[What you are asked to do]:
Copy, pictures aside: the lines below from the one that holds "Pantai Teluk Mekaki" through the final line of the listing, both ends included, exactly as they are and nothing else.

[Data provided]:
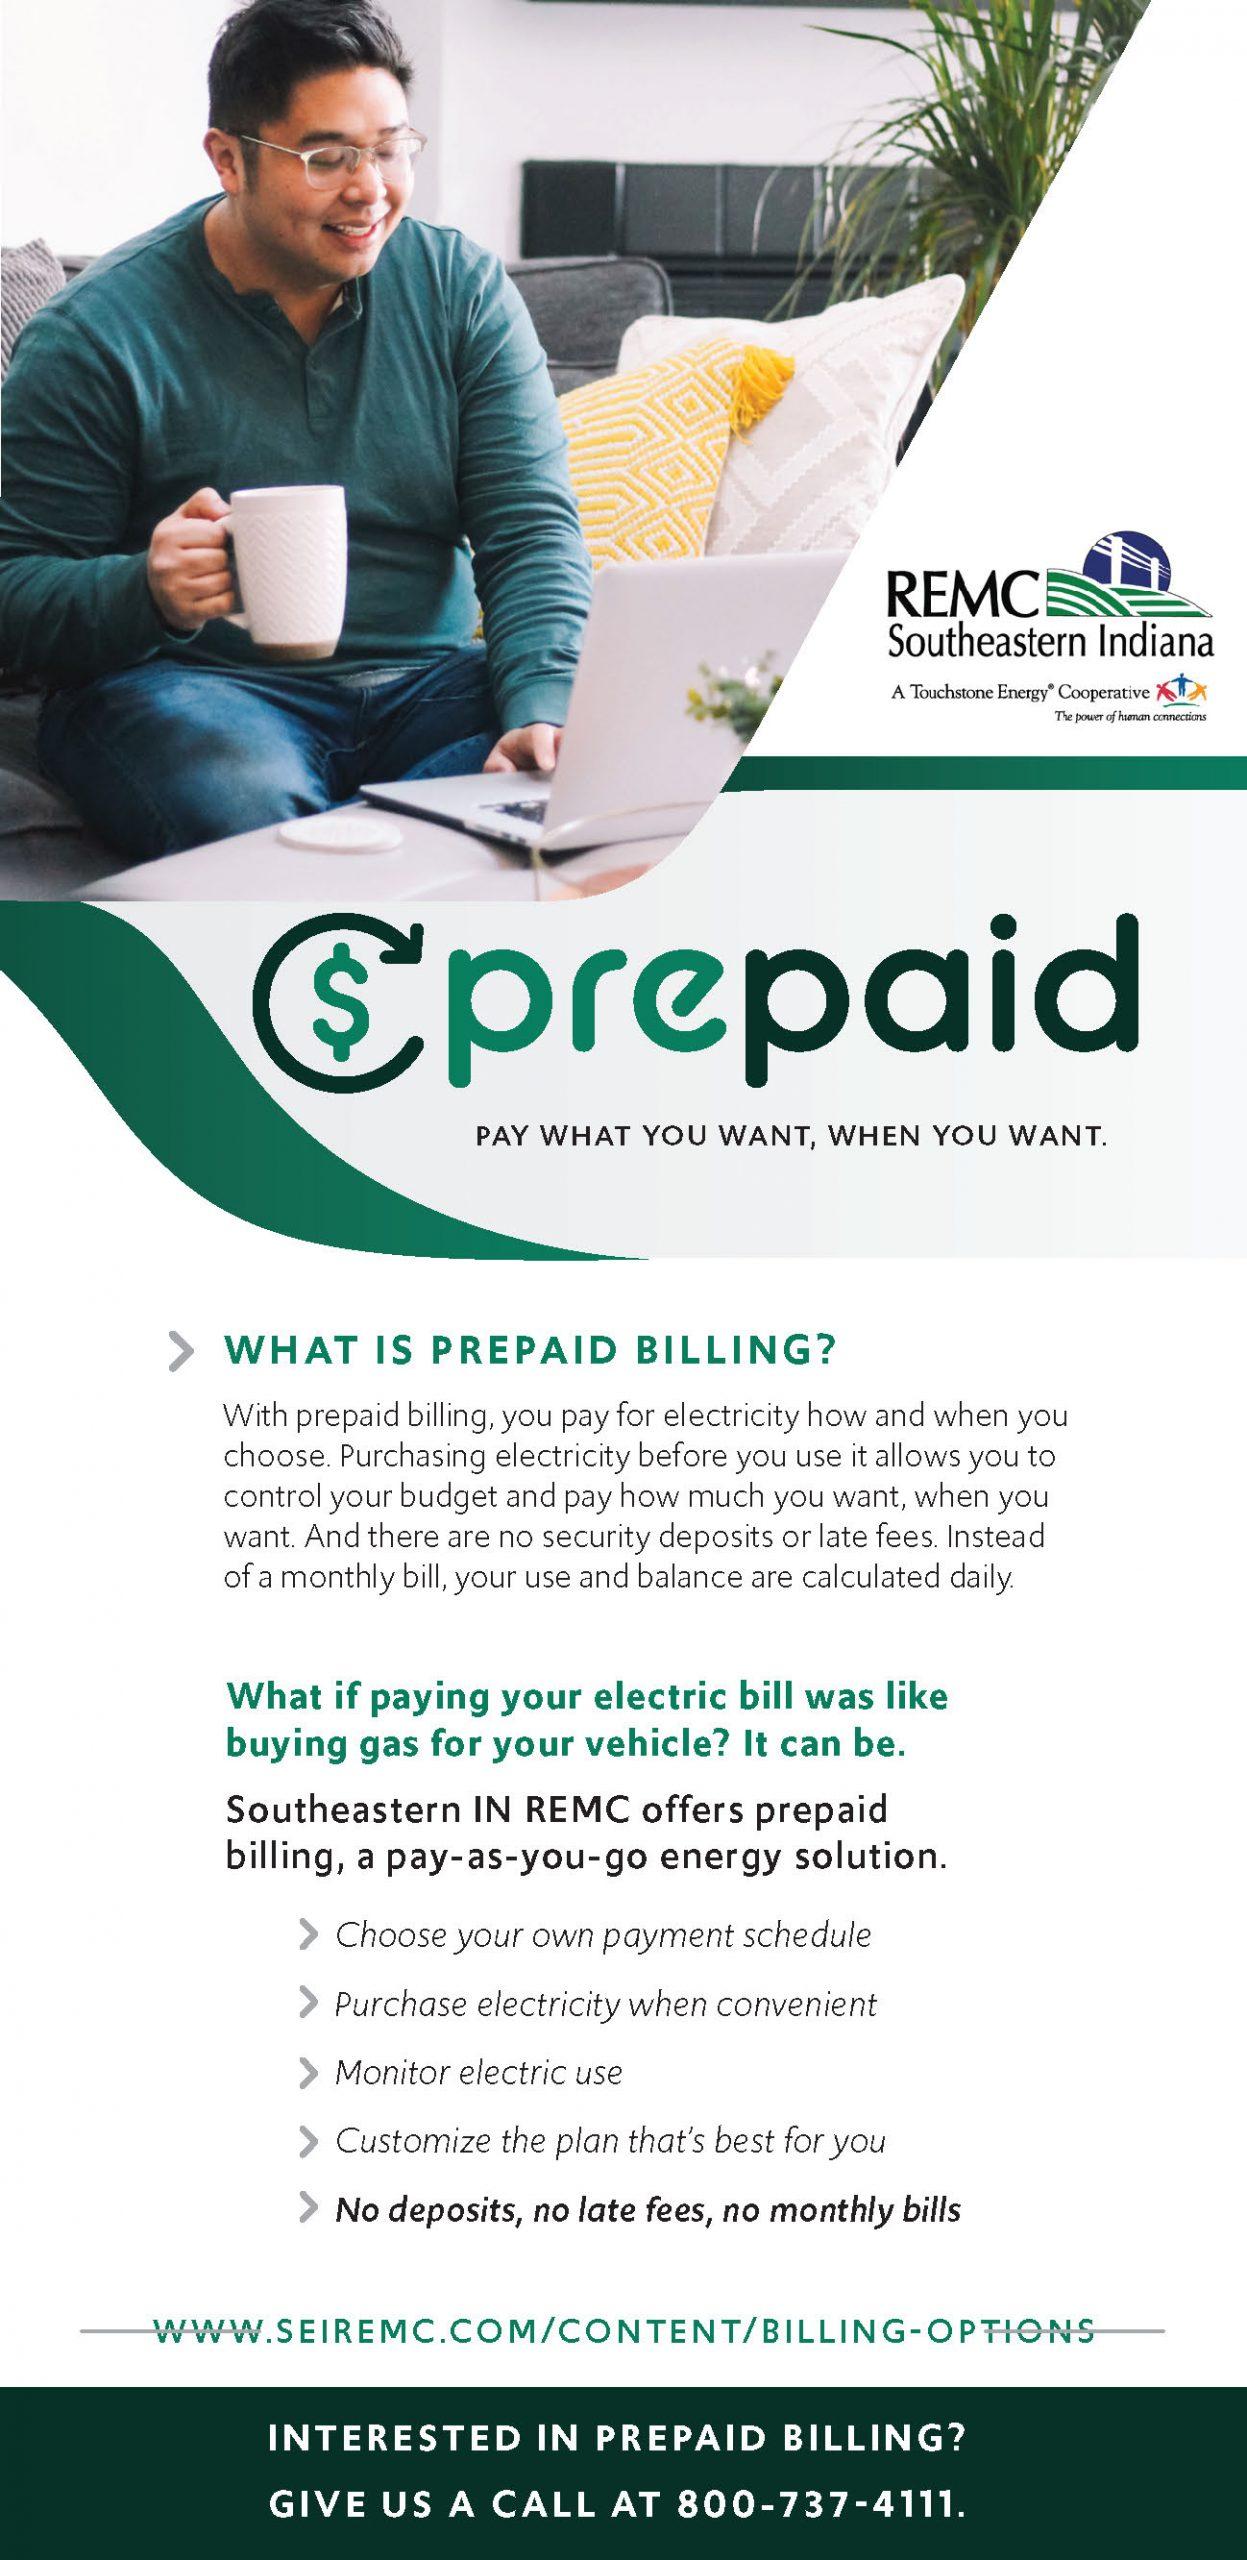 Prepaid ad
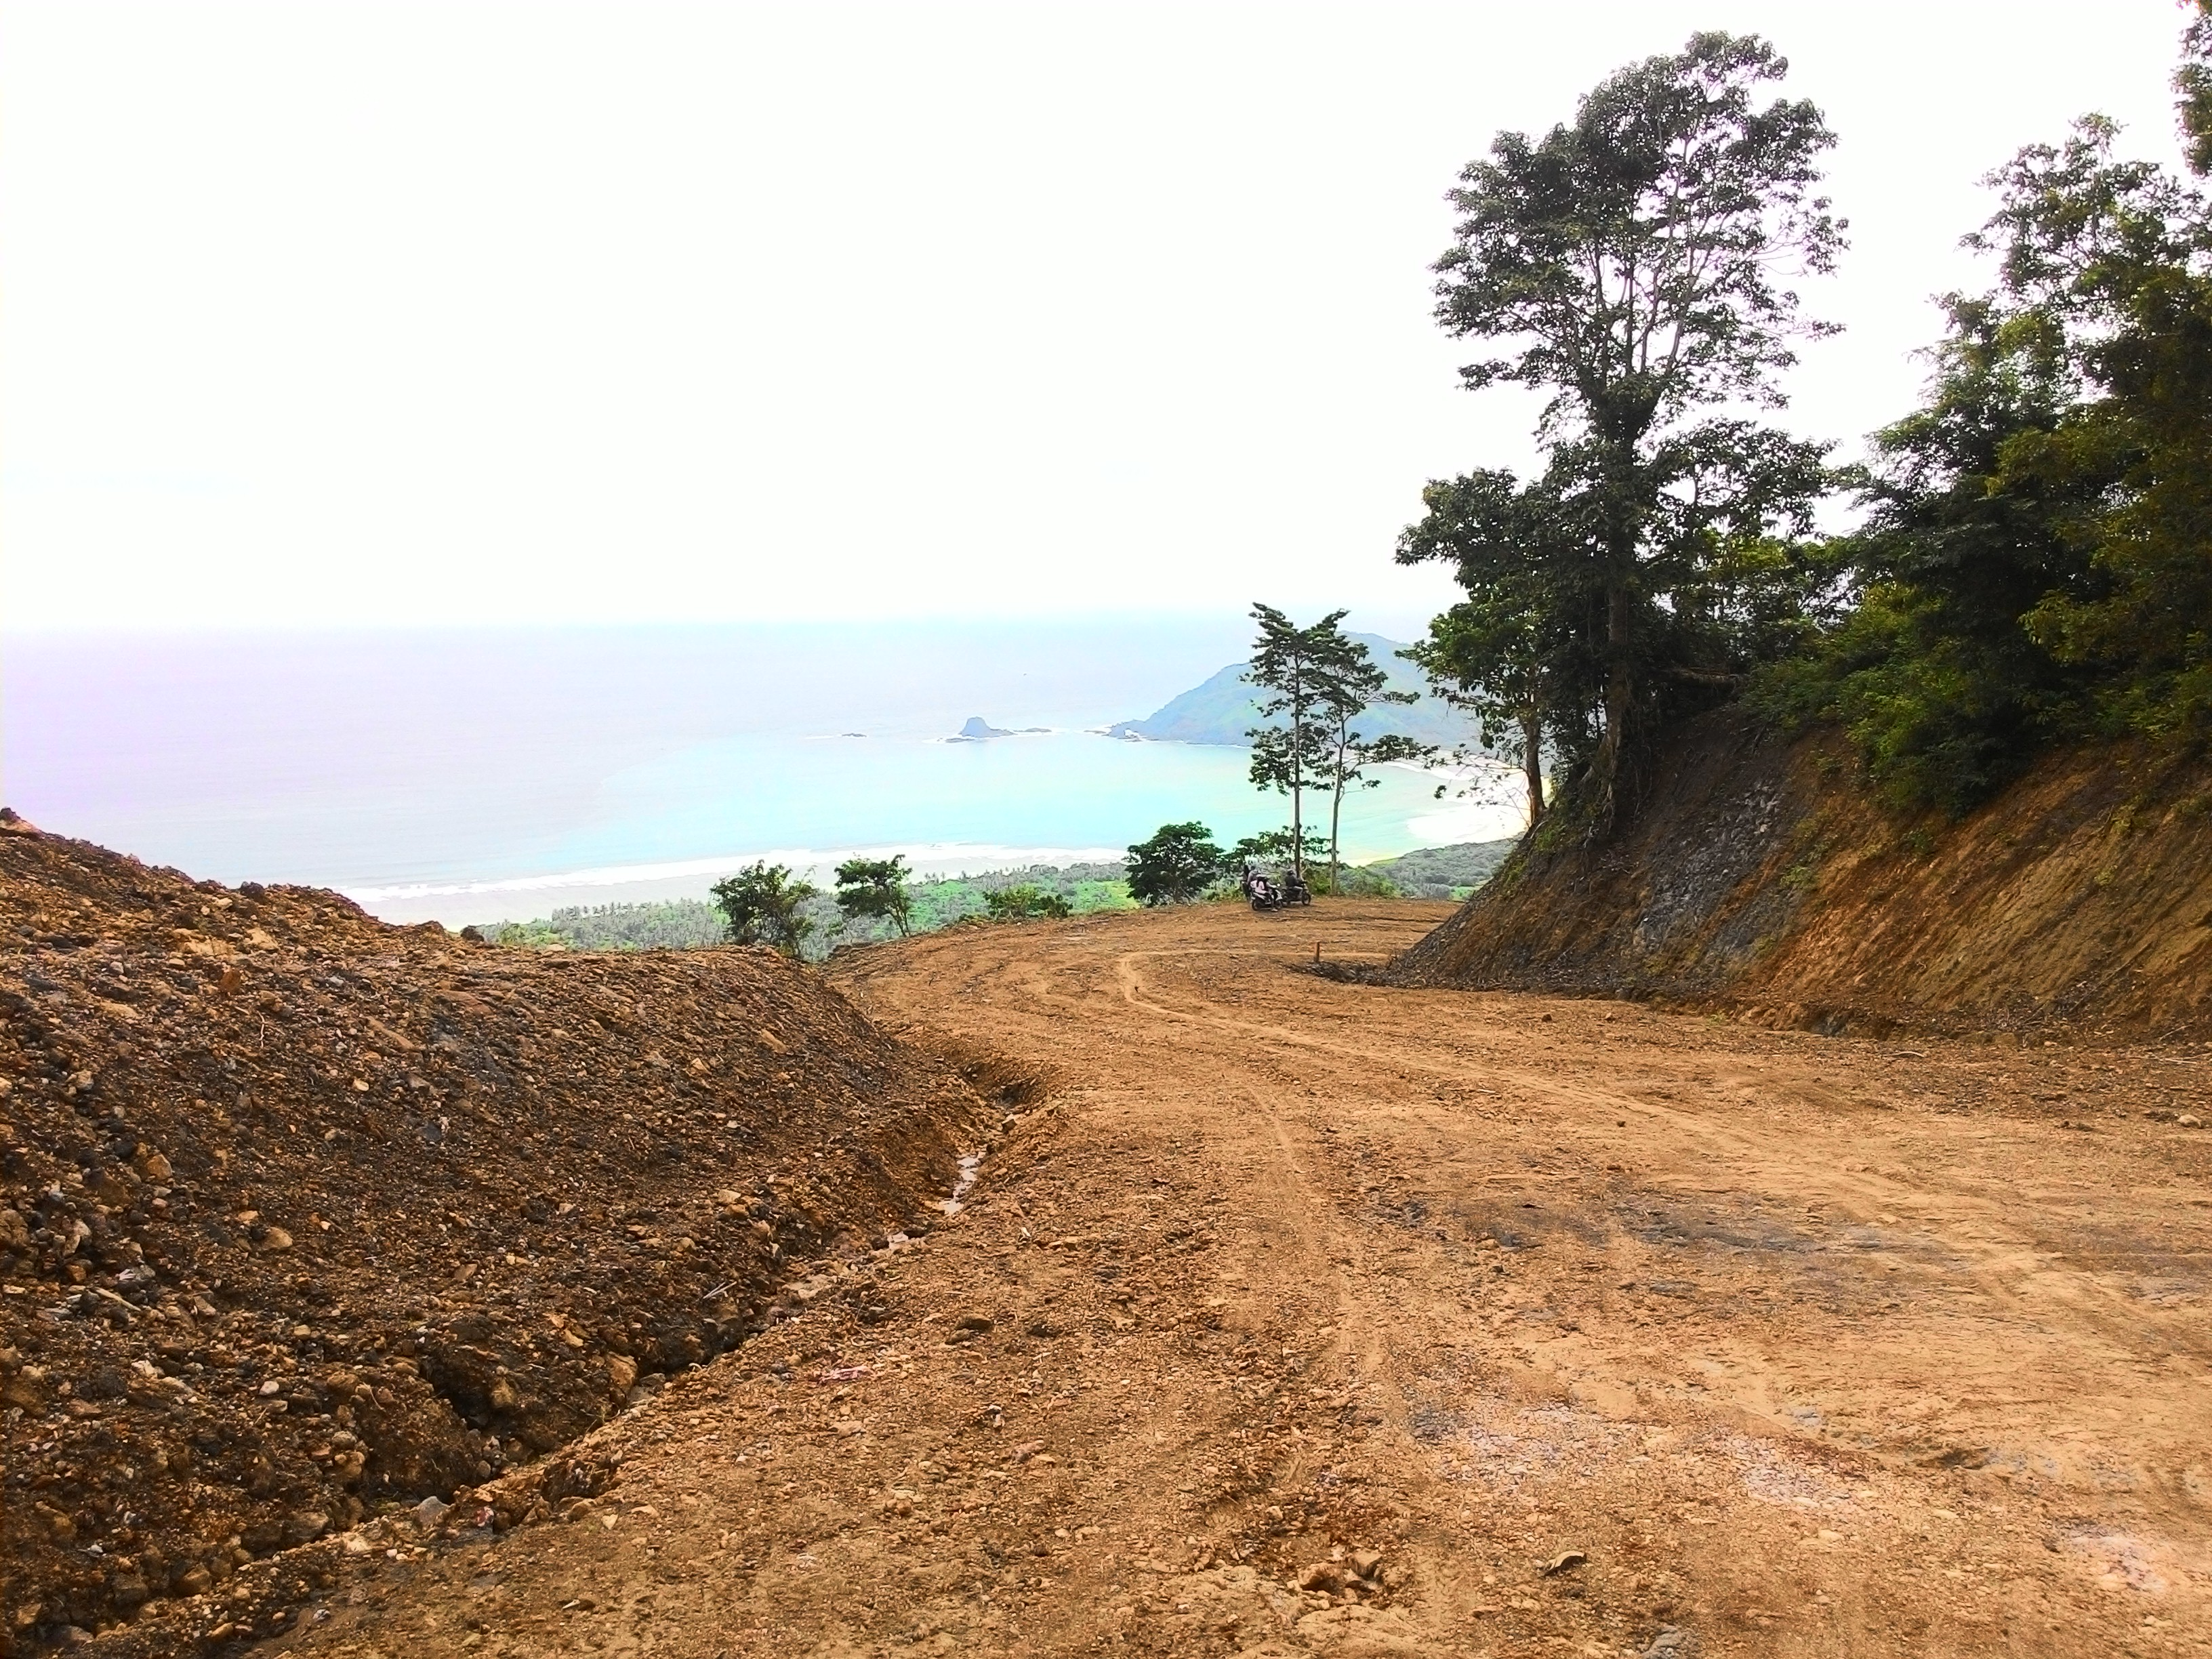 Pantai Teluk Mekaki Lombok Barat Gerbang Wisata Tour Adventure Jalan
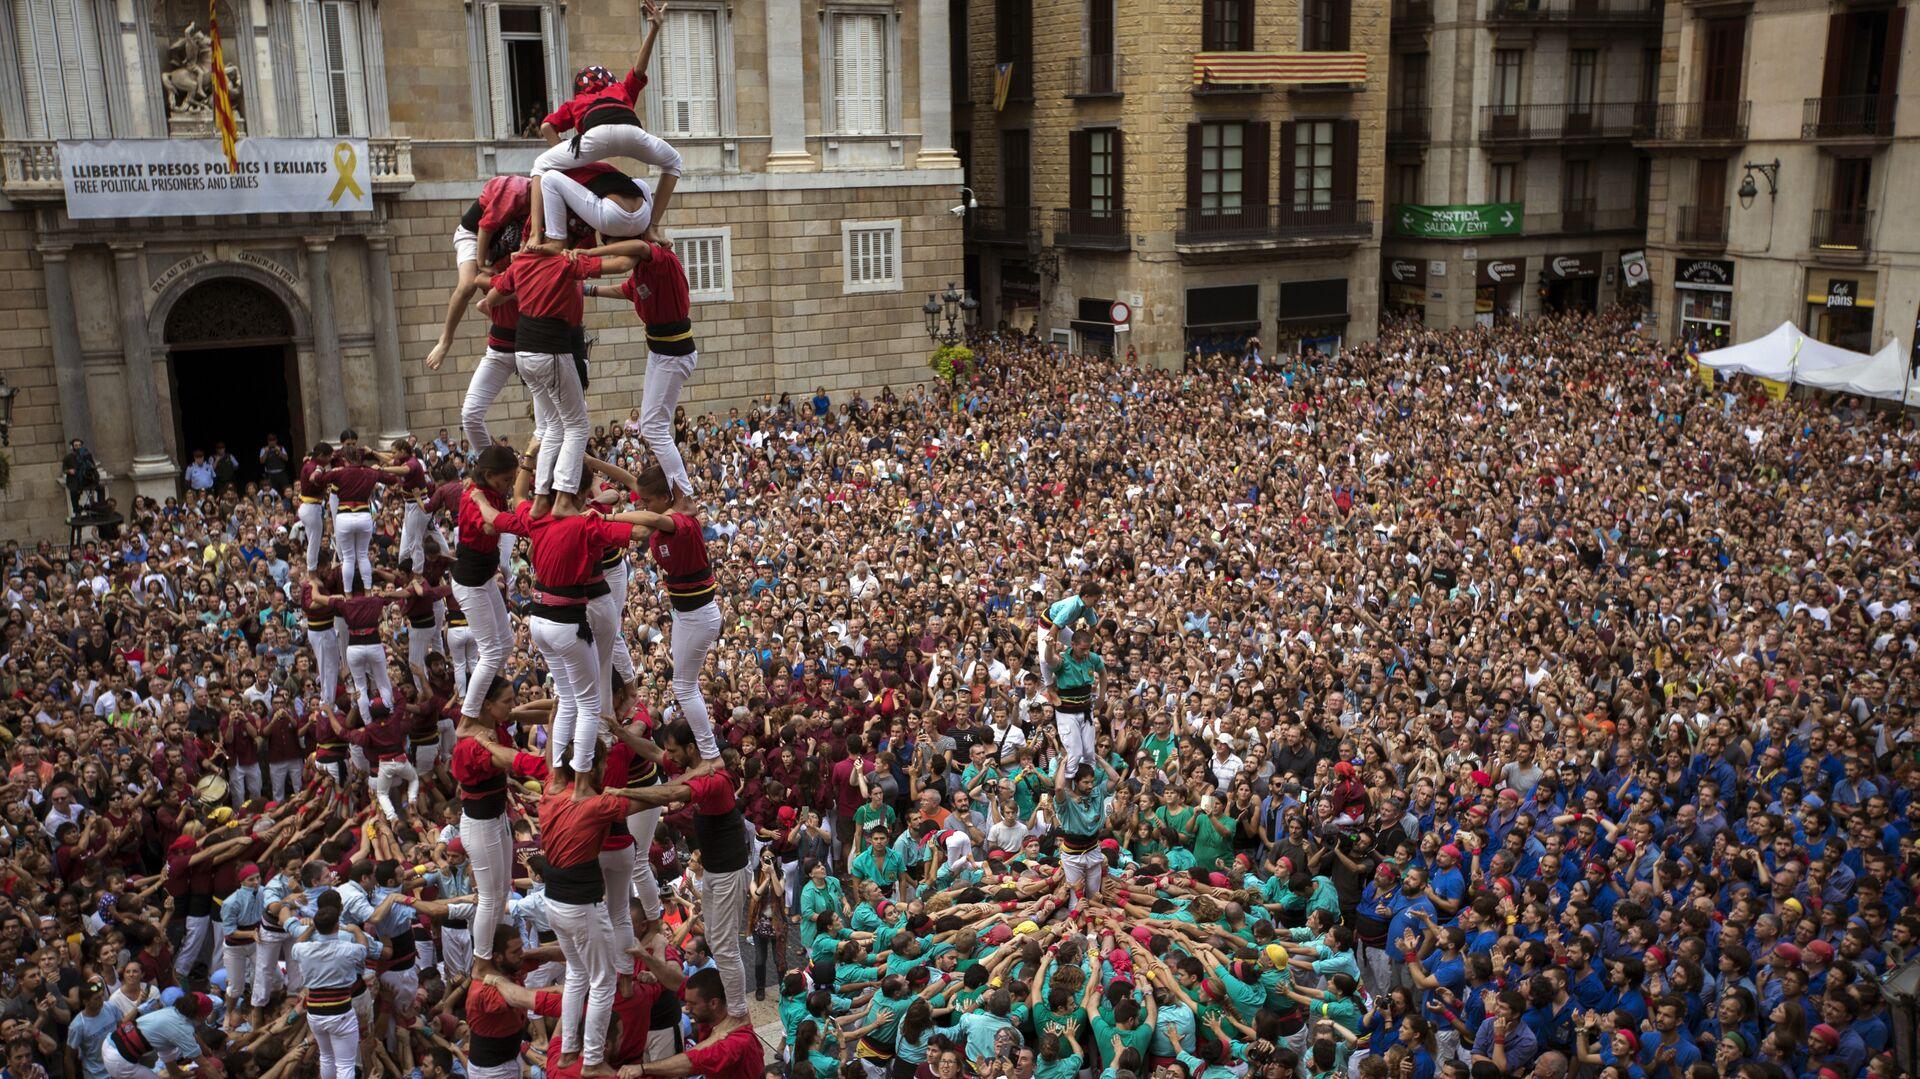 Participants make human towers or Castellers during the Saint Merce celebrations in San Jaime square in Barcelona, Spain, Monday, Sept. 24, 2018 - Sputnik Mundo, 1920, 30.09.2021

[Written solution]:
 Pantai Teluk Mekaki Lombok Barat Gerbang Wisata Tour Adventure Jalan
 Participants make human towers or Castellers during the Saint Merce celebrations in San Jaime square in Barcelona, Spain, Monday, Sept. 24, 2018 - Sputnik Mundo, 1920, 30.09.2021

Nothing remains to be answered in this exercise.